* [Source data]
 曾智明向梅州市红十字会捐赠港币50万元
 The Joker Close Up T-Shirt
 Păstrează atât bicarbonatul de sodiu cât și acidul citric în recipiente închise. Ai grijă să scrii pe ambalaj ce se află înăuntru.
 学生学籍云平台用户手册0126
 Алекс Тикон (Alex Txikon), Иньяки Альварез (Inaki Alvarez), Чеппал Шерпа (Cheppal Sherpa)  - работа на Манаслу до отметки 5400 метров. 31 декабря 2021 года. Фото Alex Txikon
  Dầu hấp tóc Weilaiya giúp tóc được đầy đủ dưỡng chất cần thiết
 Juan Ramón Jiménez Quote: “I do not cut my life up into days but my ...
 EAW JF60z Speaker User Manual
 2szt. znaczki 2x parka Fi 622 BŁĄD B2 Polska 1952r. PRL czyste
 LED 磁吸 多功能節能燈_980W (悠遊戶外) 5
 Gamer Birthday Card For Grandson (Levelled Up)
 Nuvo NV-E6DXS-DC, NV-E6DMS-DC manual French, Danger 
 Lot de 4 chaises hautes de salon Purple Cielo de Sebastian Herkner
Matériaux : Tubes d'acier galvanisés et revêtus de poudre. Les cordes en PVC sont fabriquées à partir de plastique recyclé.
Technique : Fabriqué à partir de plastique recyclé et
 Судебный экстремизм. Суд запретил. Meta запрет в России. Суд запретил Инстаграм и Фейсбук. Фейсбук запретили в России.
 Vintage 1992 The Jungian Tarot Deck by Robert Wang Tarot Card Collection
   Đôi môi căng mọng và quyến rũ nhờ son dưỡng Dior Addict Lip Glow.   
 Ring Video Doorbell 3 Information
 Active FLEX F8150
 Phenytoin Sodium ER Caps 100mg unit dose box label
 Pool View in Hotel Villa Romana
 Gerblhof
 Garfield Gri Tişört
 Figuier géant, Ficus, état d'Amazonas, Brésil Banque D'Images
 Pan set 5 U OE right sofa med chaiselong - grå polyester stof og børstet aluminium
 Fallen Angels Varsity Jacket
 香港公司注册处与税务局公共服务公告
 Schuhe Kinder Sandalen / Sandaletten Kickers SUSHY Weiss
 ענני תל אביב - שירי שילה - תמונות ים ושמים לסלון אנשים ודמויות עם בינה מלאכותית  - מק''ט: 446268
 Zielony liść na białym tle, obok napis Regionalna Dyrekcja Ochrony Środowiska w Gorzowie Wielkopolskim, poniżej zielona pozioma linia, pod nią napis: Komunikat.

* [Goal of the exercise]
Copy verbatim the span of lines that begins with the line holding "Ring Video Doorbell 3 Information" and ends at the last line of the records.

* [Solution]
 Ring Video Doorbell 3 Information
 Active FLEX F8150
 Phenytoin Sodium ER Caps 100mg unit dose box label
 Pool View in Hotel Villa Romana
 Gerblhof
 Garfield Gri Tişört
 Figuier géant, Ficus, état d'Amazonas, Brésil Banque D'Images
 Pan set 5 U OE right sofa med chaiselong - grå polyester stof og børstet aluminium
 Fallen Angels Varsity Jacket
 香港公司注册处与税务局公共服务公告
 Schuhe Kinder Sandalen / Sandaletten Kickers SUSHY Weiss
 ענני תל אביב - שירי שילה - תמונות ים ושמים לסלון אנשים ודמויות עם בינה מלאכותית  - מק''ט: 446268
 Zielony liść na białym tle, obok napis Regionalna Dyrekcja Ochrony Środowiska w Gorzowie Wielkopolskim, poniżej zielona pozioma linia, pod nią napis: Komunikat.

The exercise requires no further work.